*TASK INSTRUCTIONS:* Every line from the one holding "Flush-free Niacin powder label 250g" through the one holding "Italien - Altitalienische" in the data below must be returned exactly, both ends included, with pictures left out and nothing else added.

*WORKING DATA:*
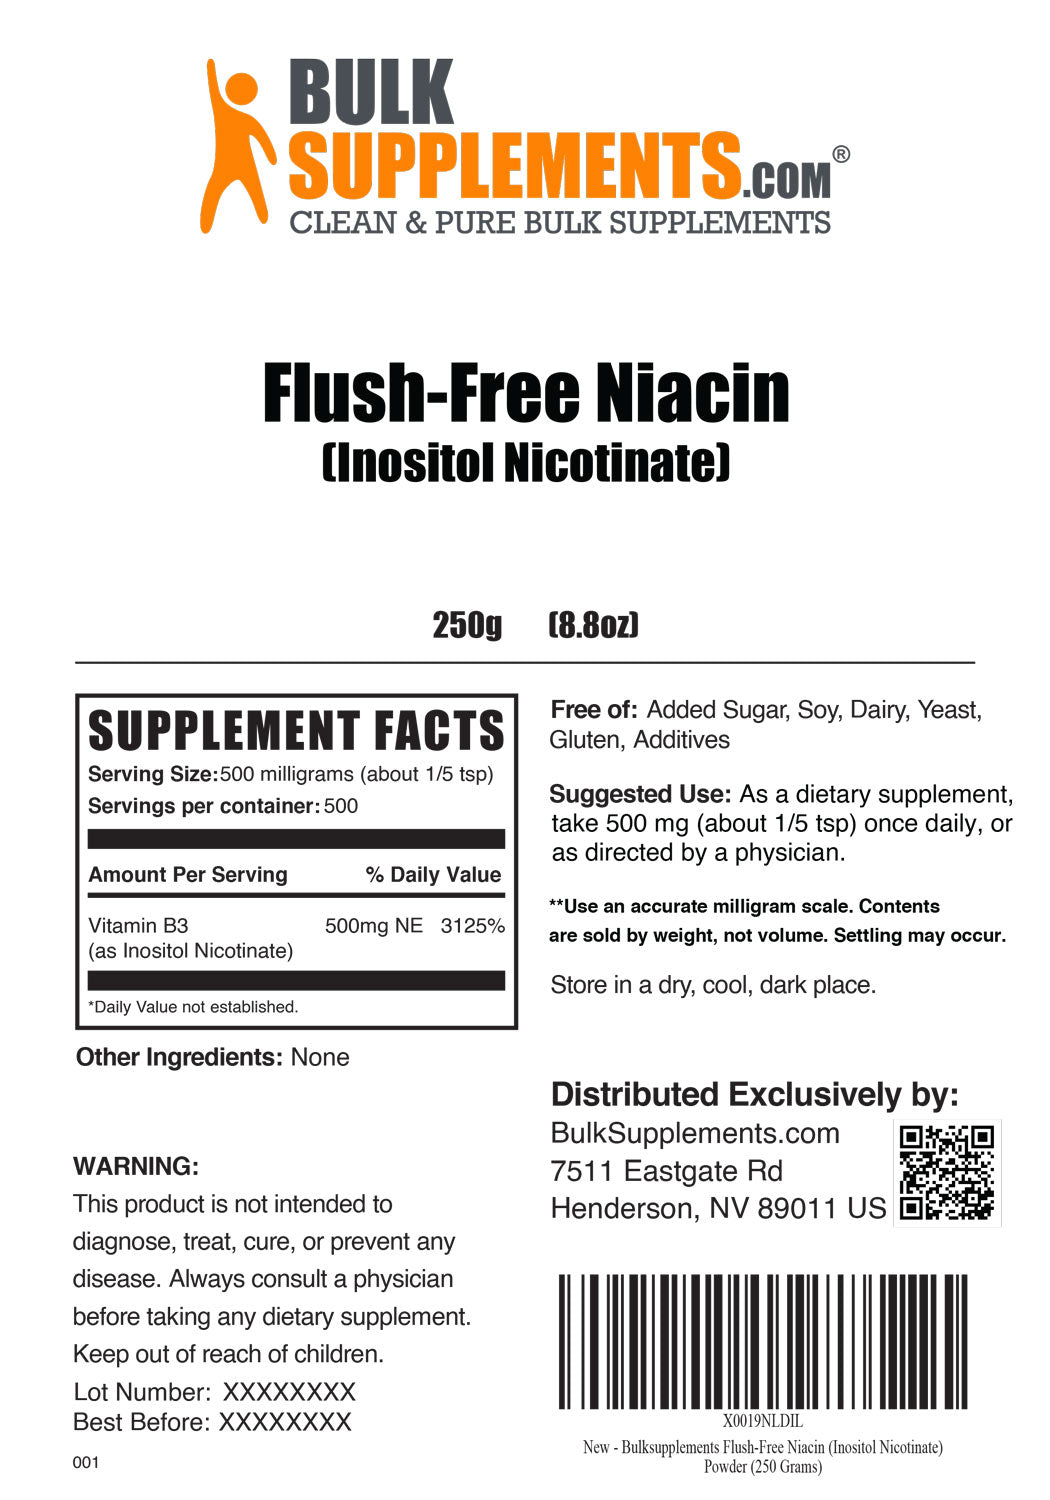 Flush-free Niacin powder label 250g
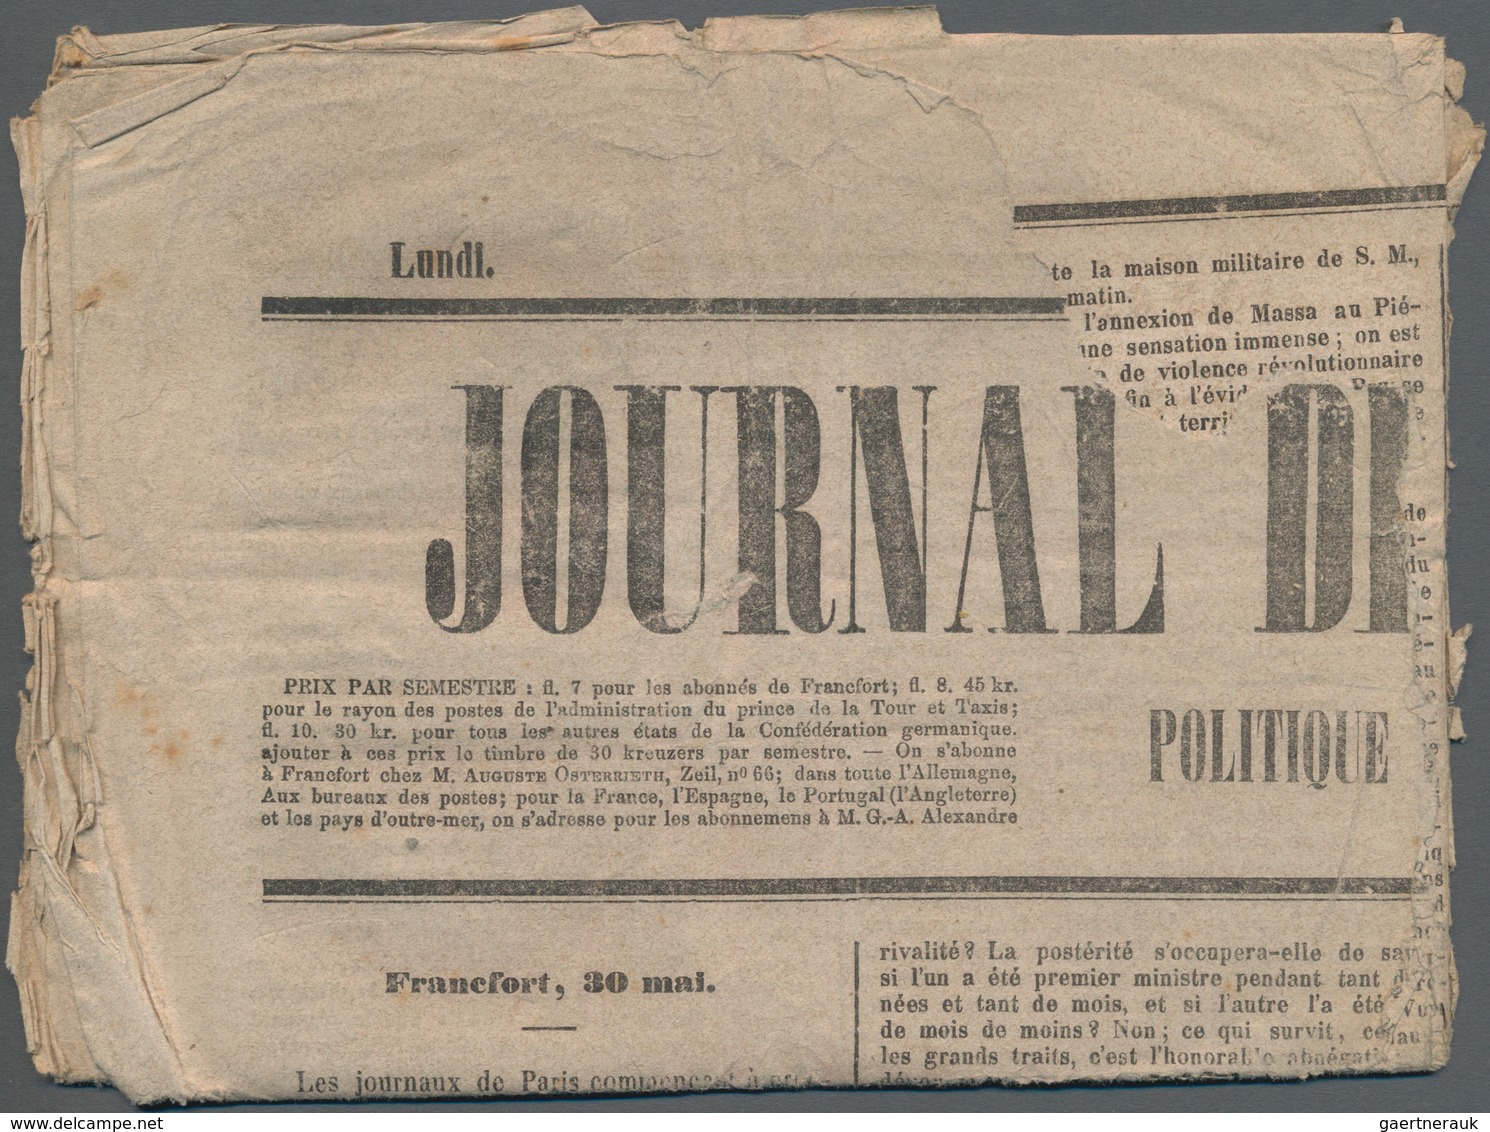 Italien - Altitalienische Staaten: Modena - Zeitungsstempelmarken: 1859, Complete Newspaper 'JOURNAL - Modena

* * *

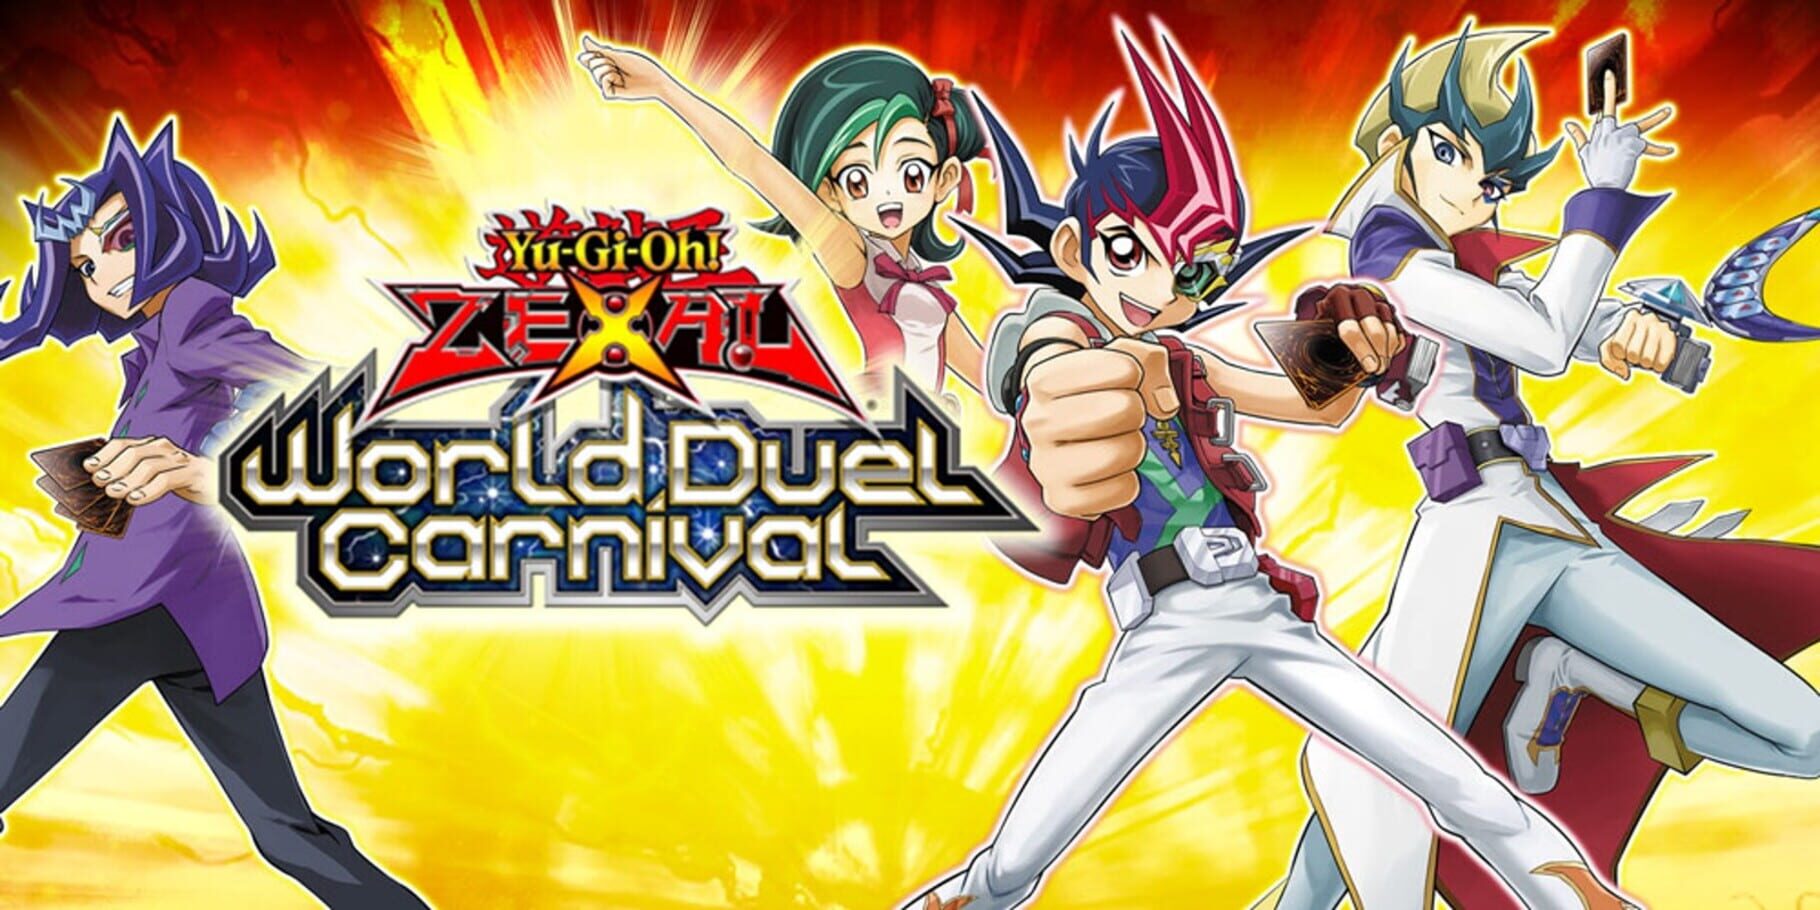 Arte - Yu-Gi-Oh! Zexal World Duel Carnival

*OUTPUT FOR THIS TASK:*
 Flush-free Niacin powder label 250g
 Italien - Altitalienische Staaten: Modena - Zeitungsstempelmarken: 1859, Complete Newspaper 'JOURNAL - Modena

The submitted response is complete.